1

How do I concatenate multiple xlsx files with the same sheet_names. For example, I have 3 xlsx files, Rob_schedule.xlsx, Mike_schdule.xlsx and Jerome_schedule.xlsx.

Each file has the following sheet/tab names : home, office & school.

The code below generates the 3 xlsx files ( you can copy + paste and run to generate the excel files)

##############################Generating the data for Rob_schedule.xlsx########################
import pandas as pd
import numpy as np
df= {
    'Date':[10232020,10242020,10252020,10262020],
    'Class':['AP_Bio','AP_Chem','Physics','History'],
    'Period':[3,1,2,4]}
school = pd.DataFrame(df,columns = ['Date','Class','Period'])
school

df2= {
    'Date':[10232020,10242020,10252020,10262020],
    'Meeting':['MQ1','MQ6','MQ2','MQ8'],
    'Lunch':[1,1,1,3],
    'code':['java','python','C','C++']}
office = pd.DataFrame(df2,columns = ['Date','Meeting','Lunch','code'])
office

df3= {
    'cooking':['C','B','D','B'],
    'Laundry':['color','white','White','color'],
    'cleaning':['balcony','garage','restroom','bathroom']}
home = pd.DataFrame(df3,columns = ['cooking','Laundry','cleaning'])
home

import pandas as pd
#initialze the excel writer
writer = pd.ExcelWriter('Rob_schedule.xlsx', engine='xlsxwriter')
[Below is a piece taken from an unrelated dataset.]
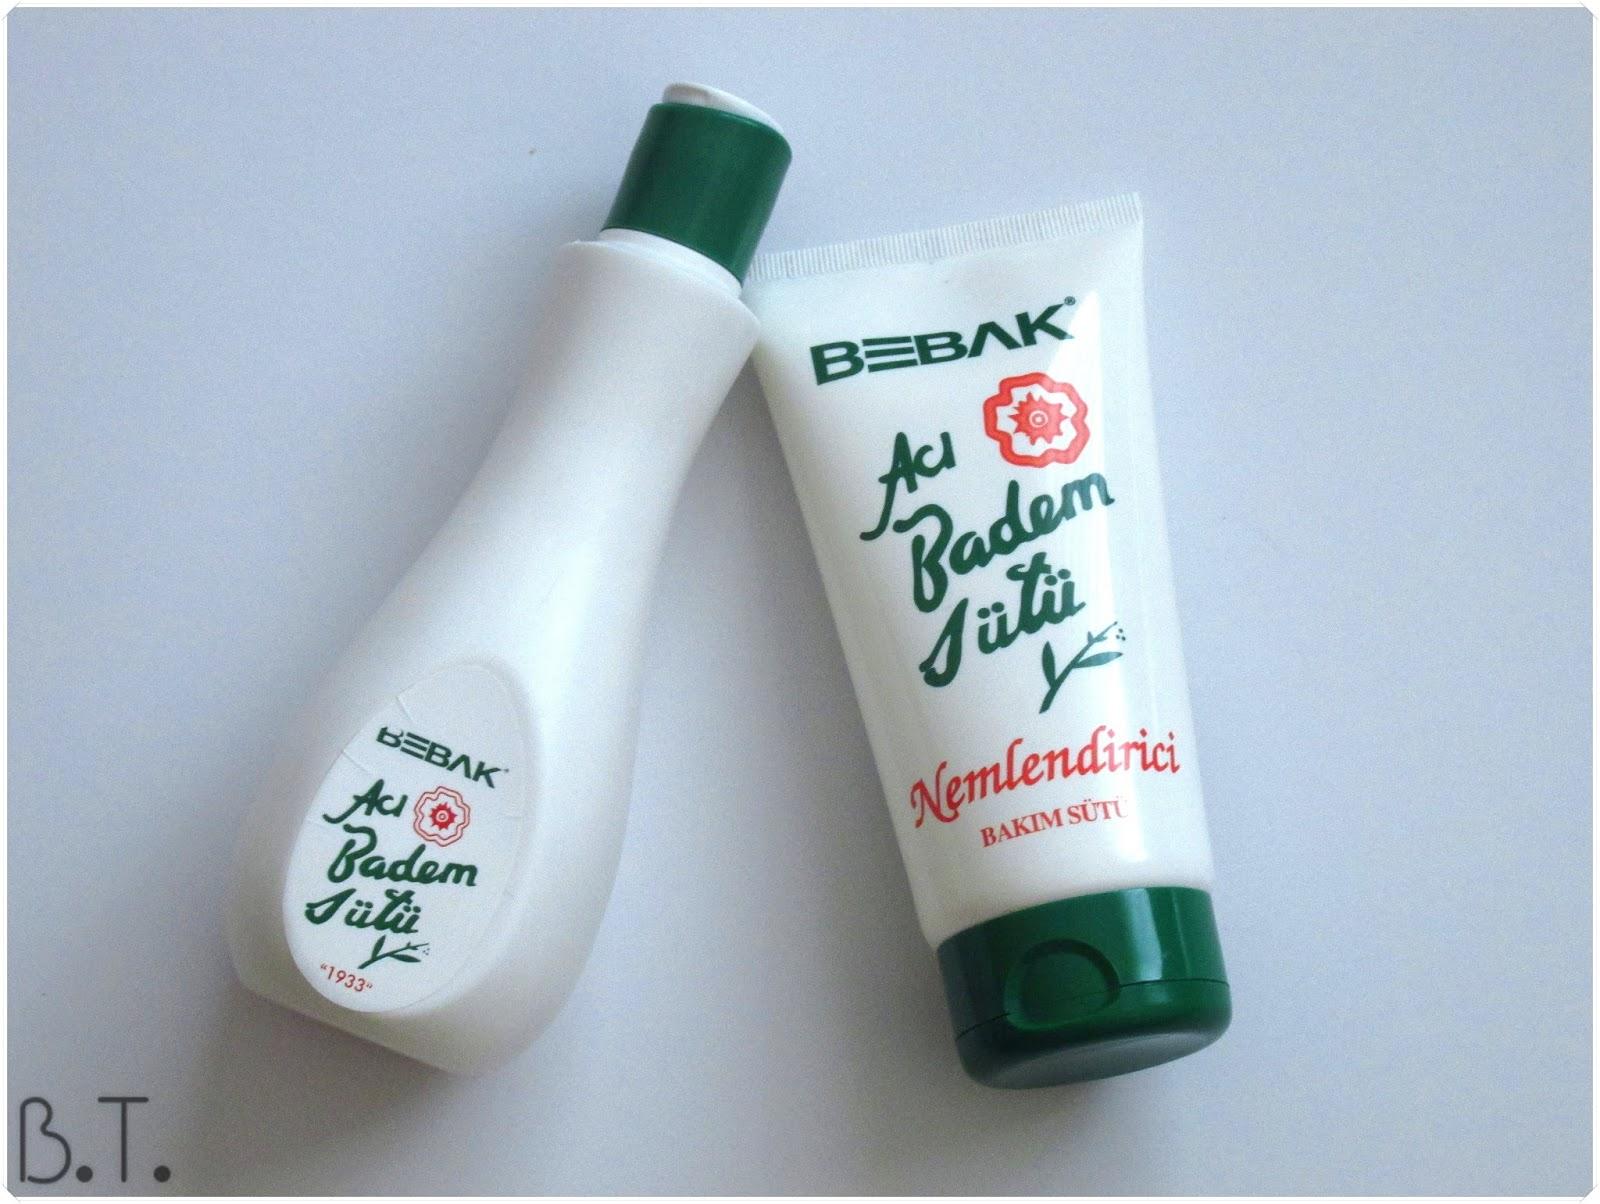 bebak acı badem temizleme sütü, nemlendirici

#store your dataframes in a  dict, where the key is the sheet name you want
frames = {'home':home, 'office':office,
        'school':school}

#now loop thru and put each on a specific sheet
for sheet, frame in  frames.items(): 
    frame.to_excel(writer, sheet_name = sheet,index = False)

#critical last step
writer.save()

################################ generating Mike_schedule.xlsx###################################
import pandas as pd
import numpy as np
df= {
    'Date':[10232020,10242020,10252020,10262020],
    'Class':['AP_Bio','AP_Chem','Physics','History'],
    'Period':[3,1,2,4]}
school = pd.DataFrame(df,columns = ['Date','Class','Period'])
school

df2= {
    'Date':[10232020,10242020,10252020,10262020],
    'Meeting':['MQ1','MQ2','MQ4','MQ5'],
    'Lunch':[1,1,1,3],
    'code':['javascript','R','C','C++']}
office = pd.DataFrame(df2,columns = ['Date','Meeting','Lunch','code'])
office

df3= {
    
    'cooking':['A','B','D','B'],
    'Laundry':['color','white','white','color'],
    'cleaning':['patio','garage','living_room','bathroom']}
home = pd.DataFrame(df3,columns = ['cooking','Laundry','cleaning'])
home


#initialze the excel writer
writer = pd.ExcelWriter('Mike_schedule.xlsx', engine='xlsxwriter')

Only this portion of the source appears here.